(4 weeks ago)
Commons ChamberThe evidence is clear on the real benefits that breakfast can give our children and young people.
Secondly, the Bill requires local authorities to consider kinship care before they issue proceedings for a child to go into the care system. Avoiding taking children into care when it is safe to do so leads to far better outcomes. In the first decade of my practice as a barrister, I spent significant time in family care proceedings; I was frustrated by delays then, and the situation now is far worse. Delay and limbo are hugely damaging to vulnerable children and their families.

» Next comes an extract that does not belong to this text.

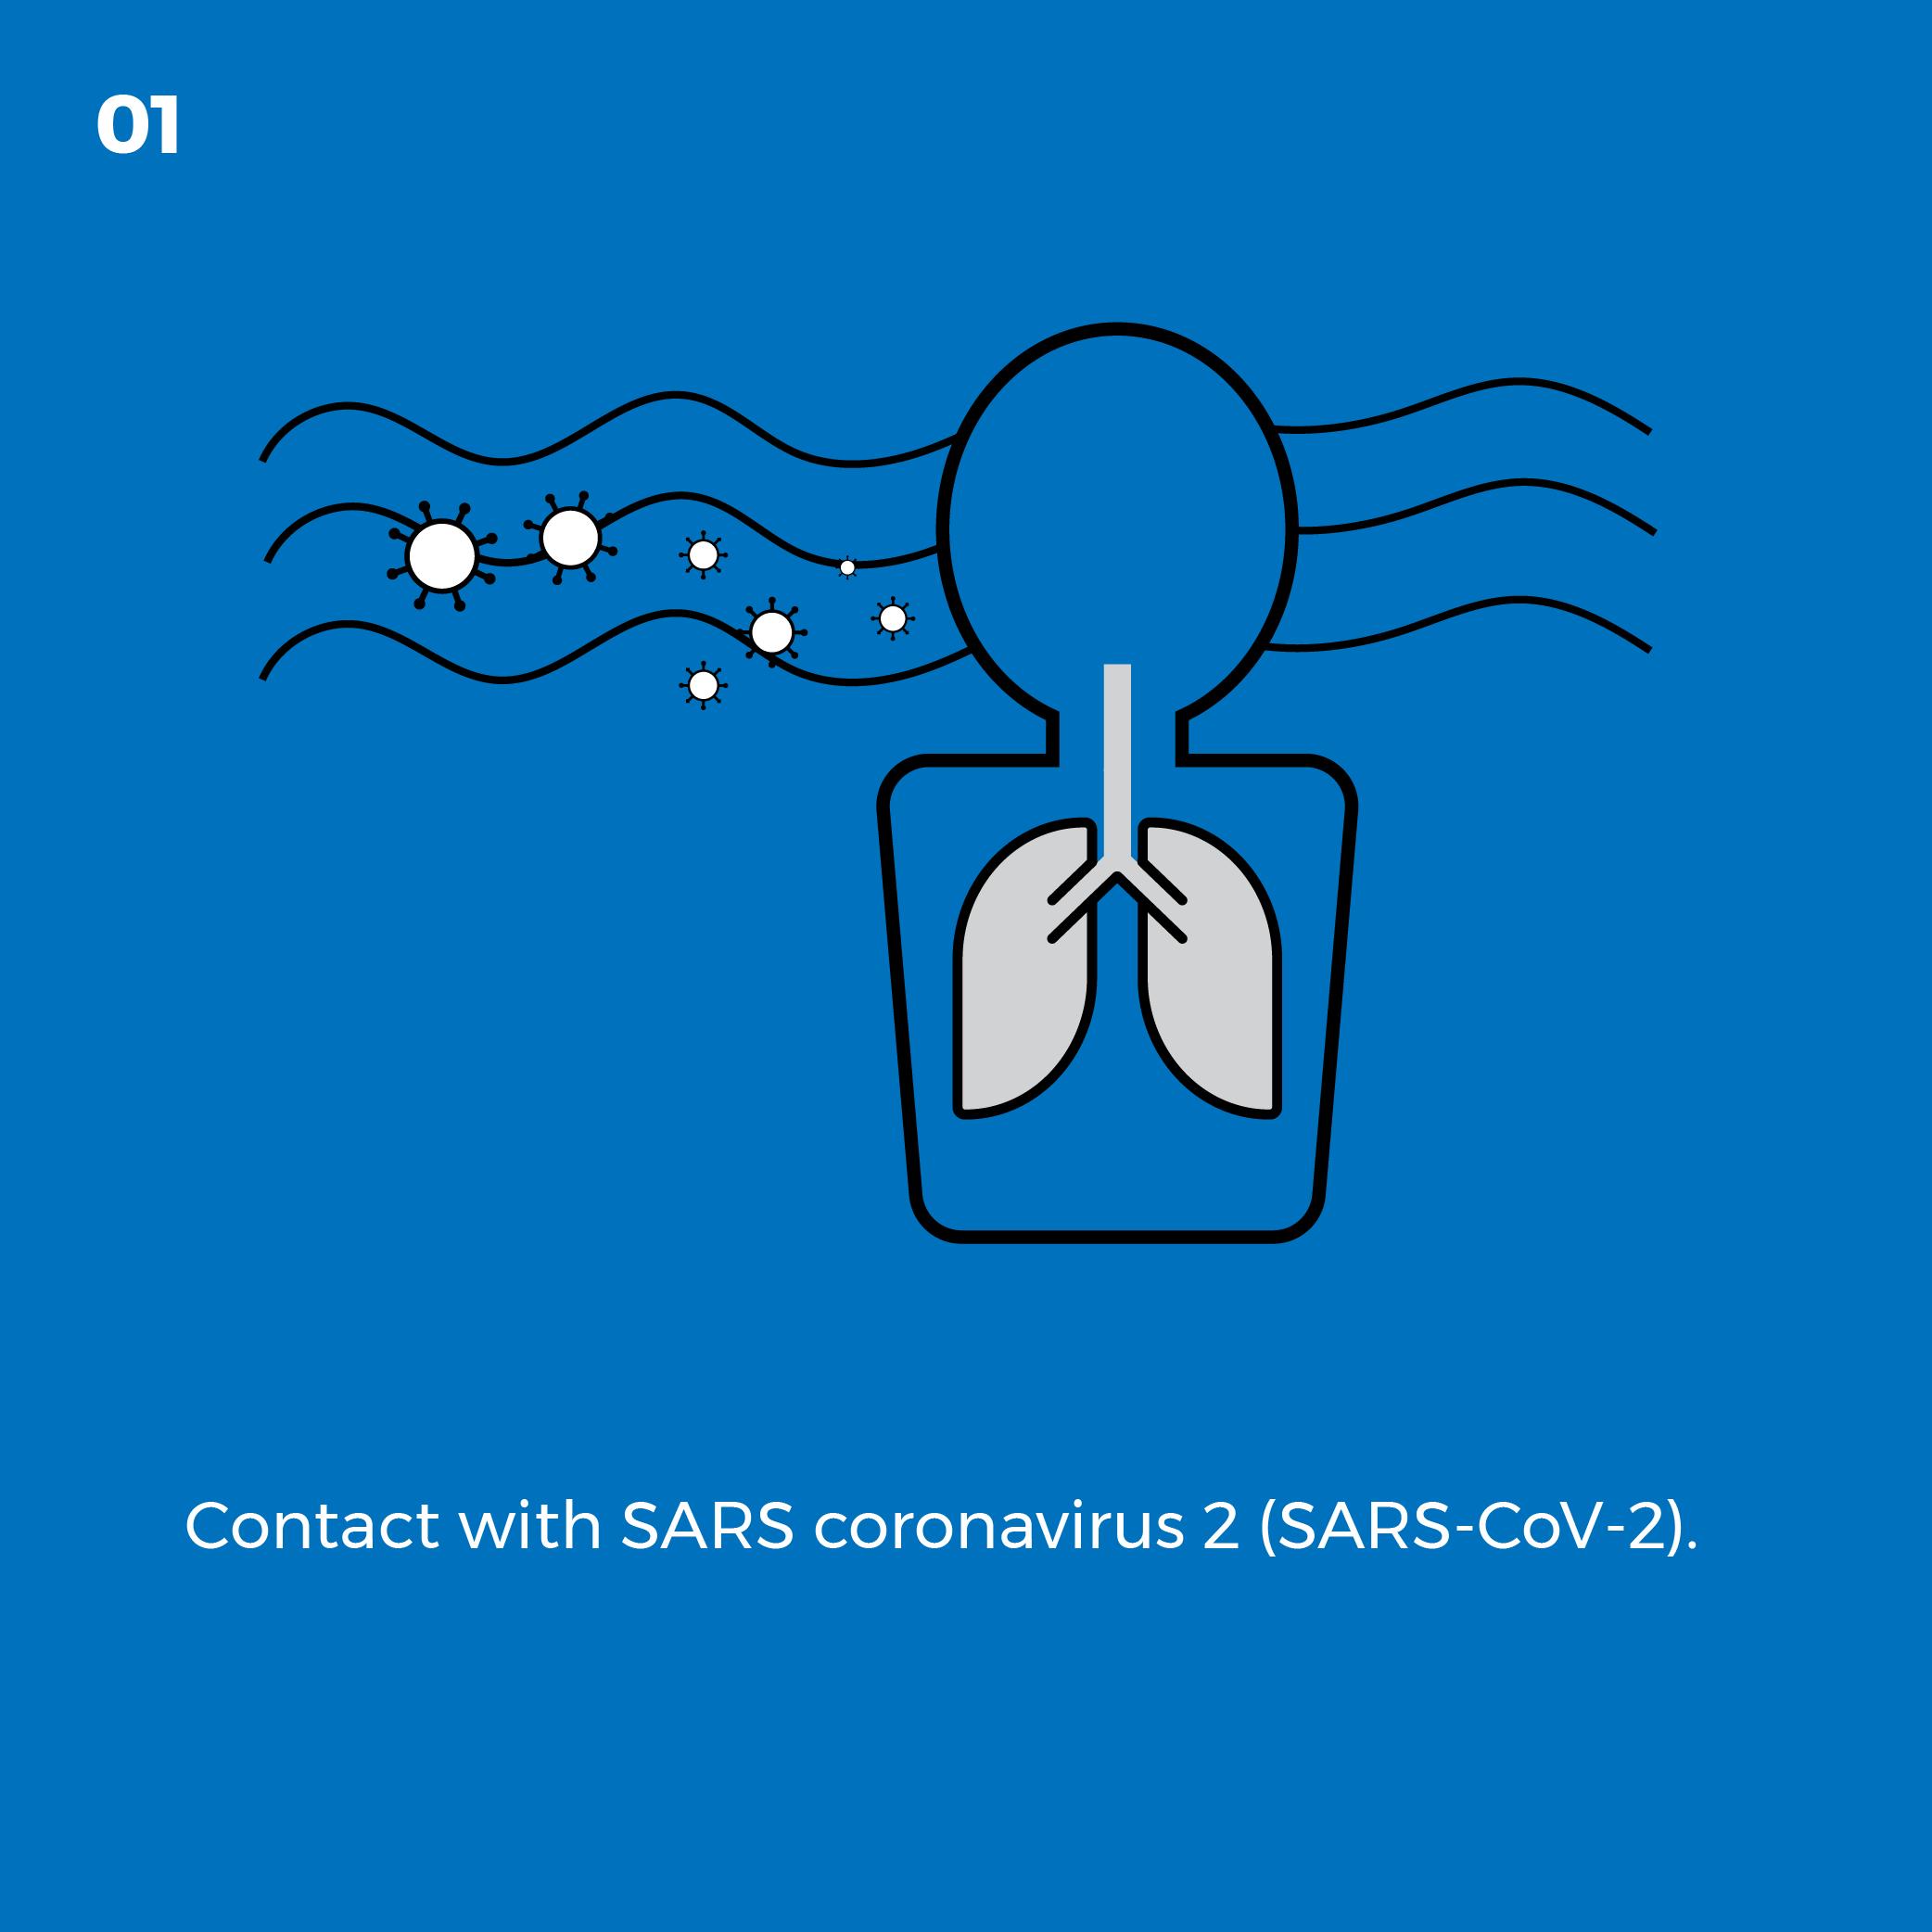 Contact with SARS coronavirus 2 (SARS-CoV-2)

Finally, I am hugely disappointed by the Opposition wrecking amendment. I have spent the past seven years on a public inquiry, and I have some insight into the benefits and limitations of those inquiries. The Opposition’s newly discovered conviction that a further inquiry on child sexual exploitation is needed and their attempts to hijack this Bill smack of political point scoring and headline grabbing, and the suggestions we have heard that a further inquiry could be done in a year are wholly unrealistic. Inquiries can make recommendations, but they cannot implement them; that is our job, and wrecking this Bill will not achieve that.
My hon. Friend has highlighted the landmark nature of this Bill. Many of the most historically significant measures for improving child welfare and wellbeing have enjoyed cross-party support, and I am thinking here of the Children Act 1908, the—
Order. Interventions really do have to be brief. A lot of Members still wish to get in, and we are on a very tight time limit. The hon. Lady has already earned an additional minute of injury time, and I regret that I will not get all Members in if we continue to have long interventions.